But the last thing I’ll say is, just because I’m friends with Brian is that, I was very, very passionate when I had decided to throw away all my plans. Well, I didn’t decide, I was thrown off the fraternity bar stool, unlike Paul and the horse. I didn’t have a choice. I saw the light and I thought I had to be a Jesuit. It’s a sad story, Brian. But anyway, I wanted to meet the great Saints and to get right to it. The thing was, I did. They all said, “Great, come with me, kid.” Including Richard Rohr, who I’ve known… He doesn’t even remember it, but I knew him since then. Mother Teresa and Tutu and Thich Nhat Hanh, all of Dan’s friends became my friends, and we were all very tight and still are. The point is, you’re a universal Christian, you’re to change the world and report back to me, kid.
Brian McLaren:
Oh, that’s beautiful.
Rev. John Dear:
I don’t know if that explains anything. It might just try to help people know where I’m coming from, because I don’t know what planet I’m coming from. I feel like I’m living in a zombie movie. For me, everything is about Gandhi and Kingian, total nonviolence. Which is the only way to understand Jesus. Yet I think we live in a world of total violence, and I can’t quite figure it all out, Brian and Carmen.
Brian McLaren:
All of us want to wrestle with this and struggle with this. Our theme for this season is learning how to see through eyes of love. In this podcast learning how to see, we’re trying to help people see the world in different ways and be conscious of the viewpoint that we bring, the way that we see, and learning how to see through eyes of love.
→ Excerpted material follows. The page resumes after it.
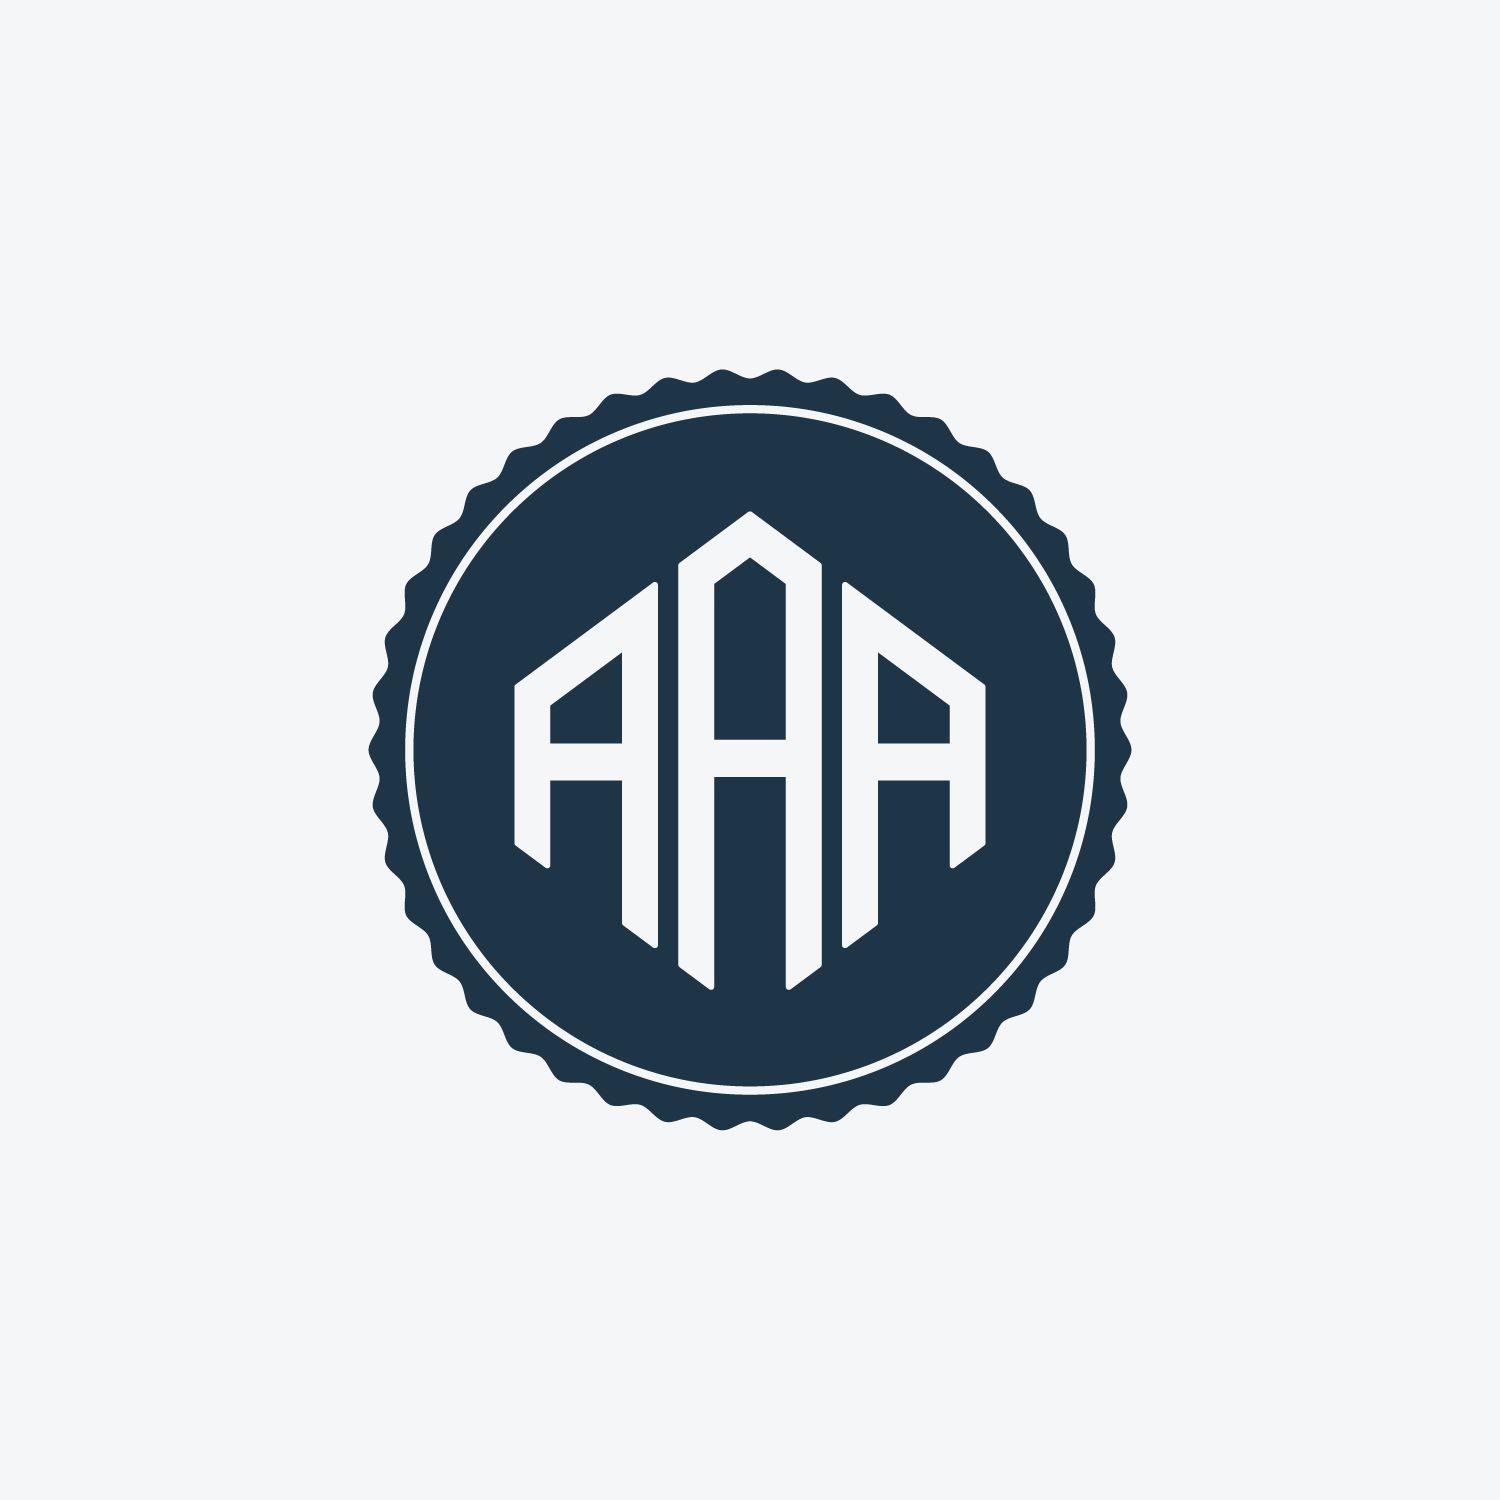 Apparel Retailer Logo - Elegant, Playful, Retail Logo Design for Can either be Anchor ...

I’m thinking in your life you would translate that learning how to see through eyes of nonviolence, and I’d love to just hear you reflect on, what is love, what is nonviolence, are they the same thing? What does the word nonviolence do that maybe the word love doesn’t do? I’d love to just hear you riff on that, John.
Rev. John Dear:
It’s so helpful that you asked that. I’ve been grappling with that question every day of my life. When I was 21, I started really studying Gandhi, Dr. King, Dorothy Day, Merton and the Berrigan’s, and I’m a fanatic of Gandhi and Dr. King. I’ve met all their relatives and know all their friends. My whole life, Coretta and all. Gandhi and Dr. King used the word nonviolence every hour, they don’t use the word love. Now, Martin is using the word love, but he’s really saying, “I don’t mean this. I don’t mean that. I mean agape, but we don’t have agape.” I don’t think the word love works anymore. I don’t think the word peace works anymore. I was taught by Dan to be a lover of words and language, so I’ve stayed with this clumsy word, nonviolence, which nobody likes, which nobody uses, and it doesn’t work. To me, that’s very exciting. Course we are talking about universal, all-encompassing, all-inclusive, non-retaliatory, sacrificial, unconditional love toward every human being on the planet.
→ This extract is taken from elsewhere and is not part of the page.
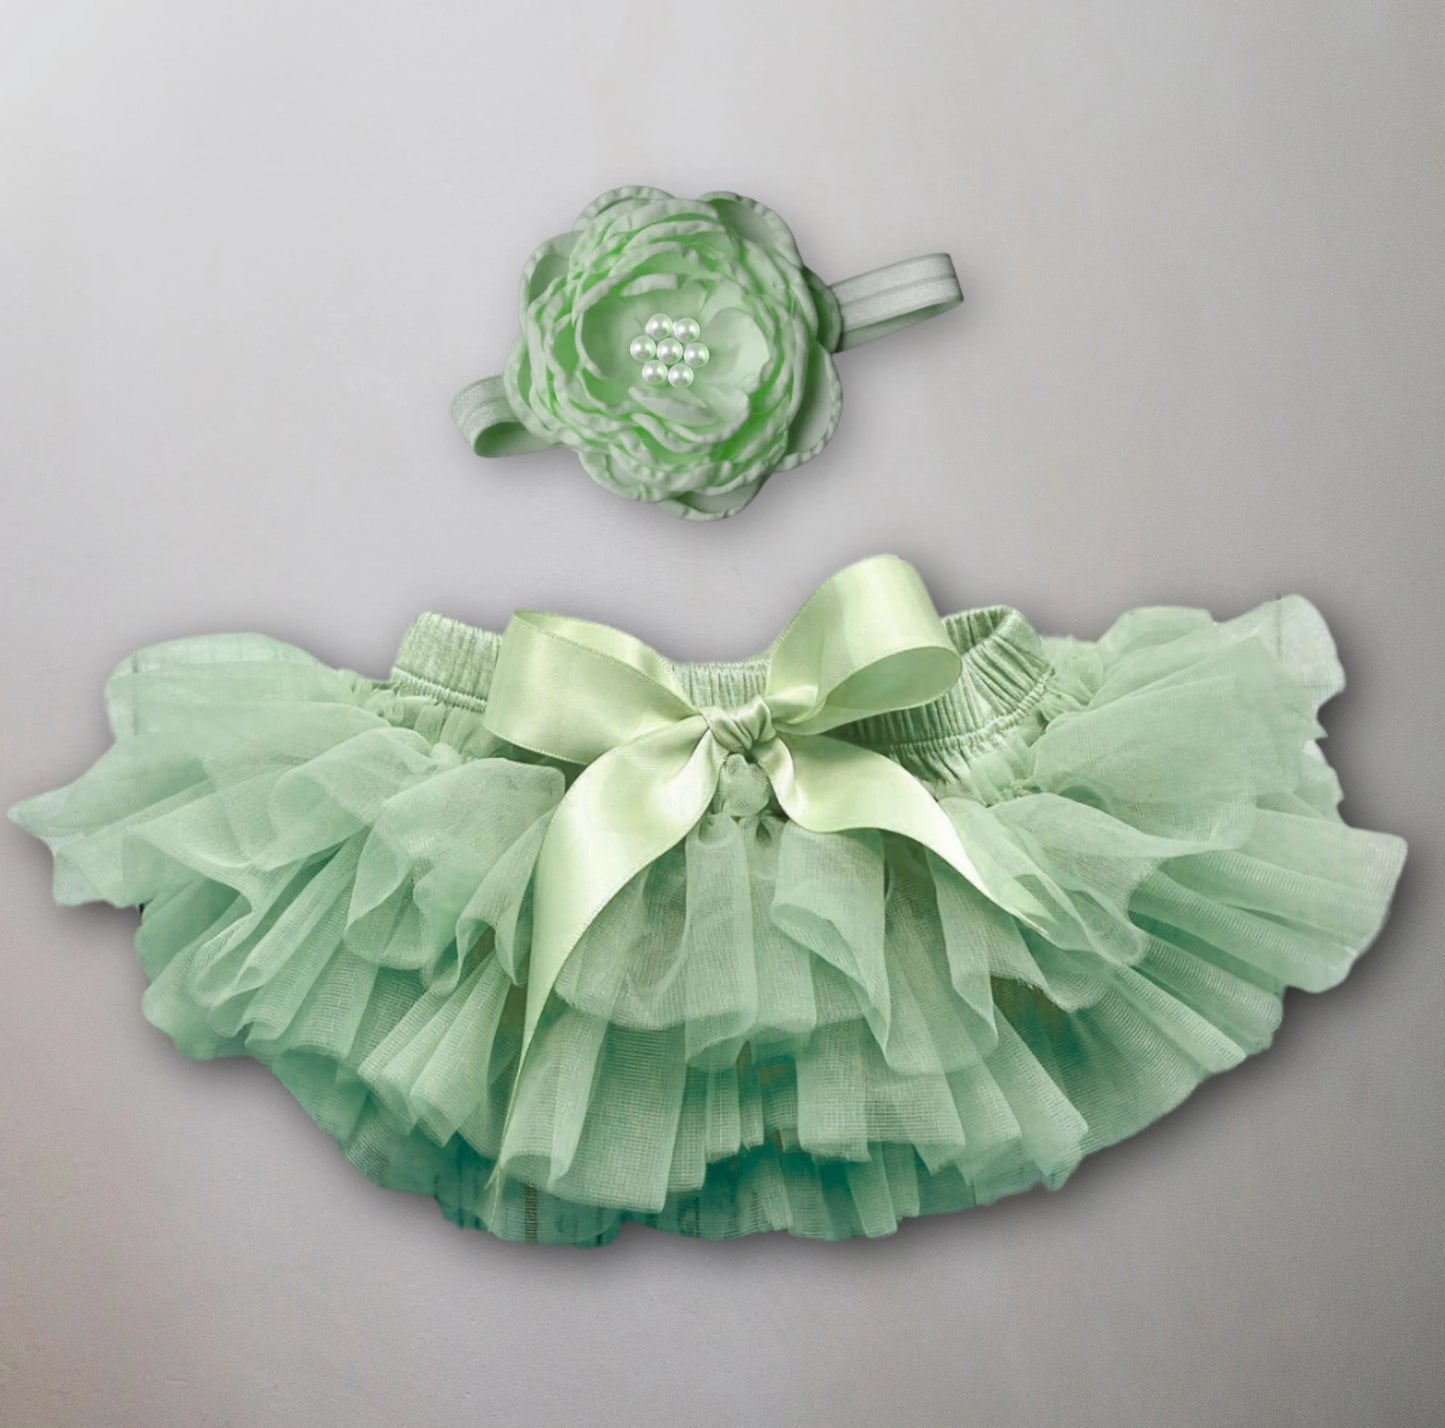 Green tutu skirt with matching headband

The love that sees every human being is your very sister and brother, equal to your blood sisters and brothers. The deeper you go into universal love, the more you realize it doesn’t stop there. That the creatures we’re one with, that we’re one with Mother Earth, that God is universal, all-inclusive love, beyond our wildest imagining. Everybody would go, “Well, John, that’s just lovely.” But as someone told me in a church one day, an elderly woman when I was speaking out against the Iraq war, “But John, sometimes you just got to kill somebody.” She’s right. We’re all for love, everybody loves, everybody’s for peace. None of that language is working. Dan said, he had this line which is, here’s my translation. Okay, if you want to use this word love, why I’ve moved on to nonviolence is, there’s one catch with love. From a Gandhian Kingian hermeneutic.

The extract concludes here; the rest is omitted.